Constituency details
- Country: India
- Region: Western India
- State: Maharashtra
- District: Nandurbar
- Lok Sabha constituency: Nandurbar
- Established: 1962
- Total electors: 353,953
- Reservation: ST

Member of Legislative Assembly
- 15th Maharashtra Legislative Assembly
- Incumbent Vijaykumar Gavit
- Party: BJP
- Alliance: NDA
- Elected year: 2024

= Nandurbar Assembly constituency =

Constituency of the Maharashtra legislative assembly in India

Nandurbar Assembly constituency is one of the 288 Vidhan Sabha constituencies of Maharashtra state in western India. This constituency is located in Nandurbar district and it is reserved for the candidates belonging to the Scheduled Tribes.
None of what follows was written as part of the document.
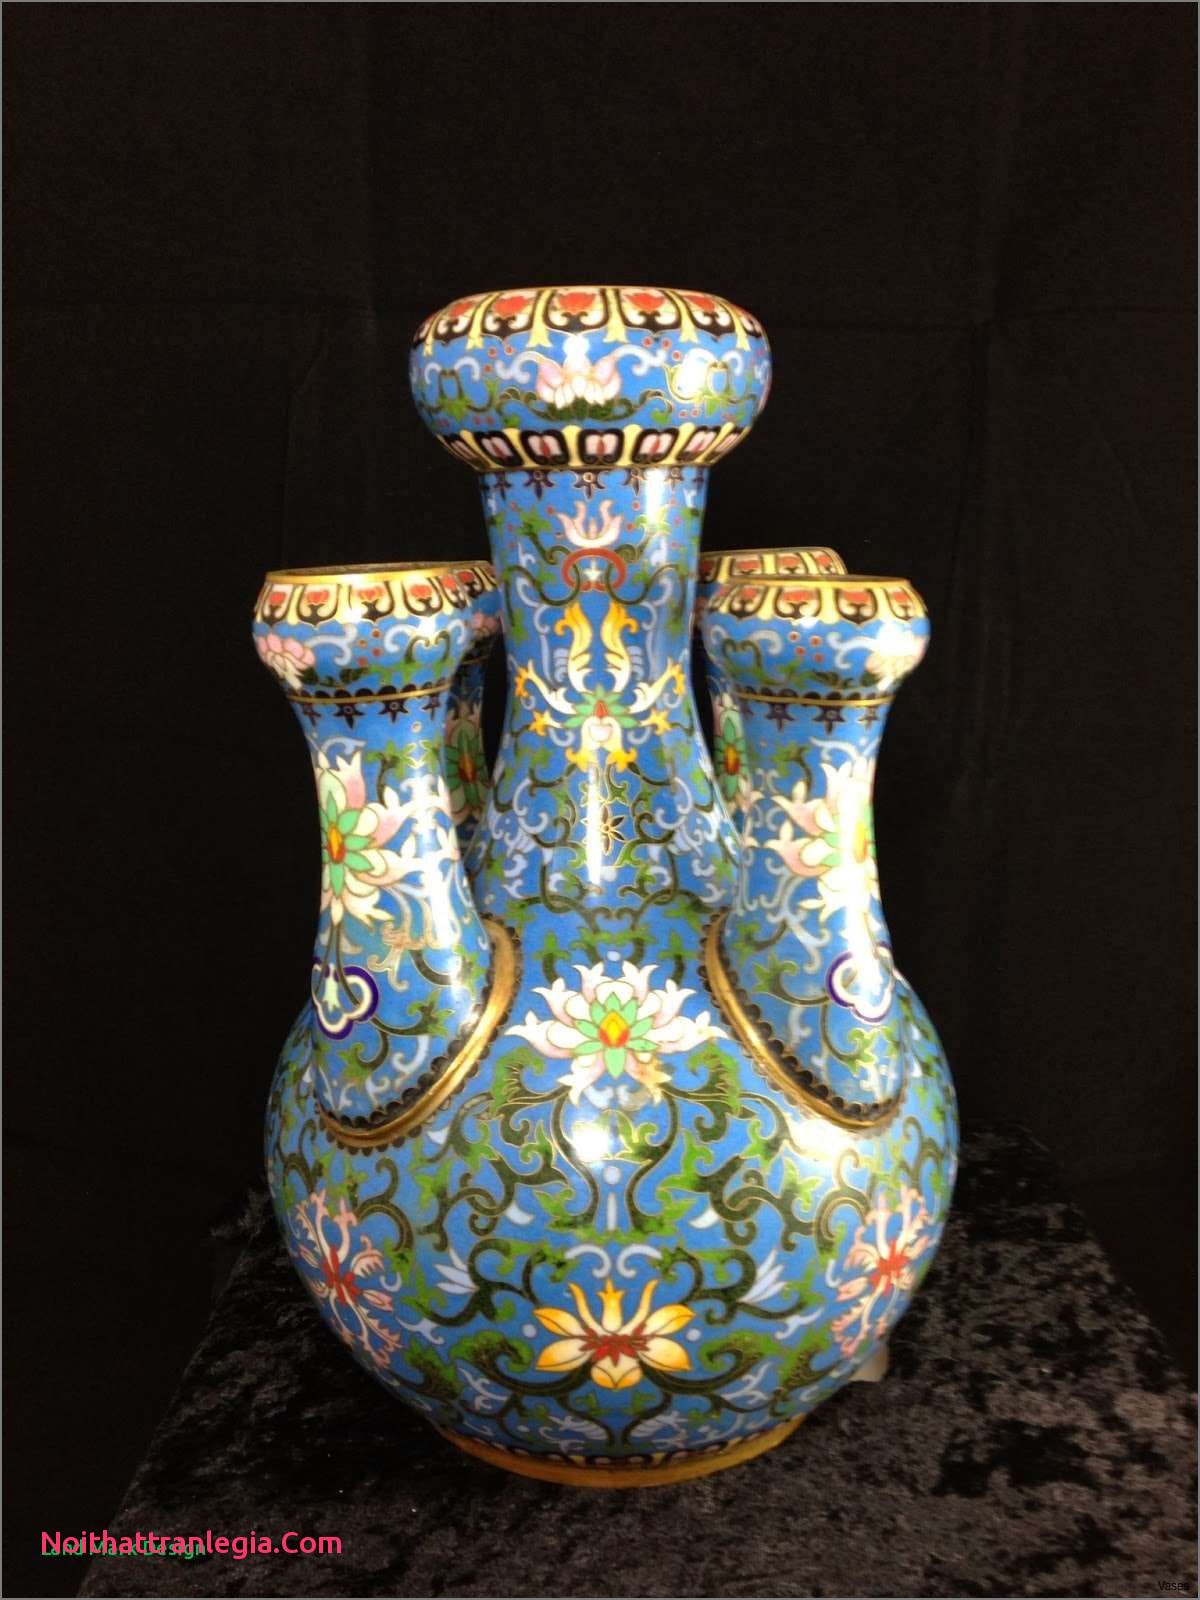 20 attractive Antique Chinese Vases 2024 free download antique chinese vases of 20 chinese antique vase noithattranlegia vases design for 213 1h vases antique asian the increased trade of chinese ware during 16th century has significantly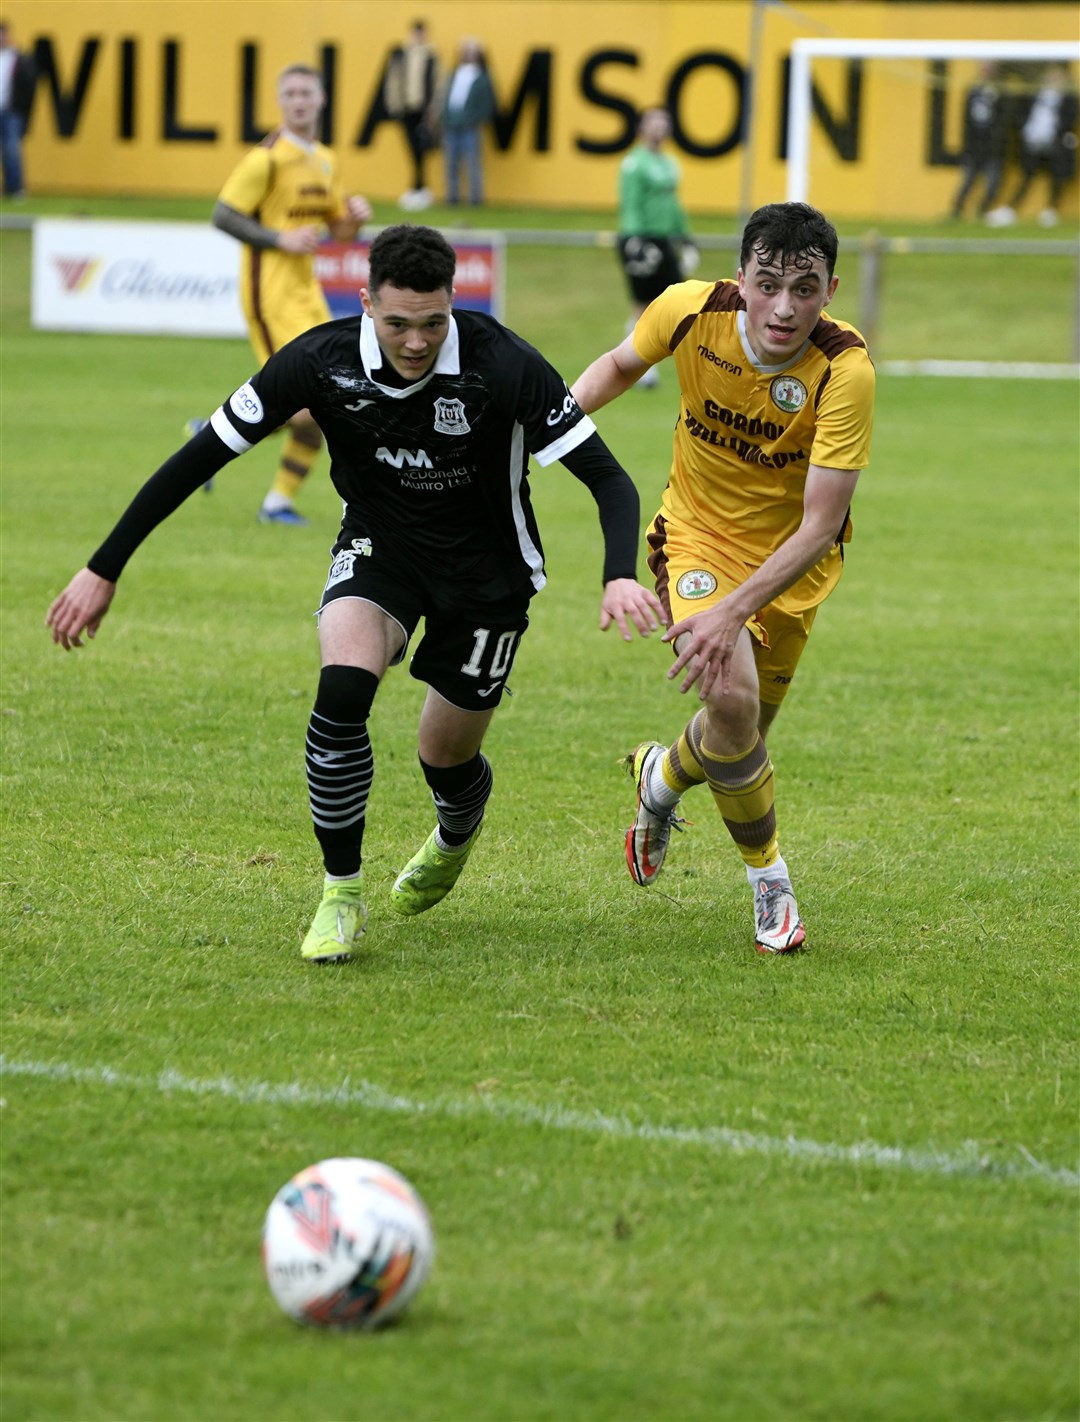 Elgin City's Dylan Lawrence races to get the ball ahead of Forres Mechanics' Kane Davies. Picture: Beth Taylor.

It is currently held by Vijaykumar Gavit of the BJP.

==Overview==
It is part of the Nandurbar Lok Sabha constituency along with another five Vidhan Sabha segments, namely Akkalkuwa, Shahada and Navapur in Nandurbar district and Sakri and Shirpur in Dhule district.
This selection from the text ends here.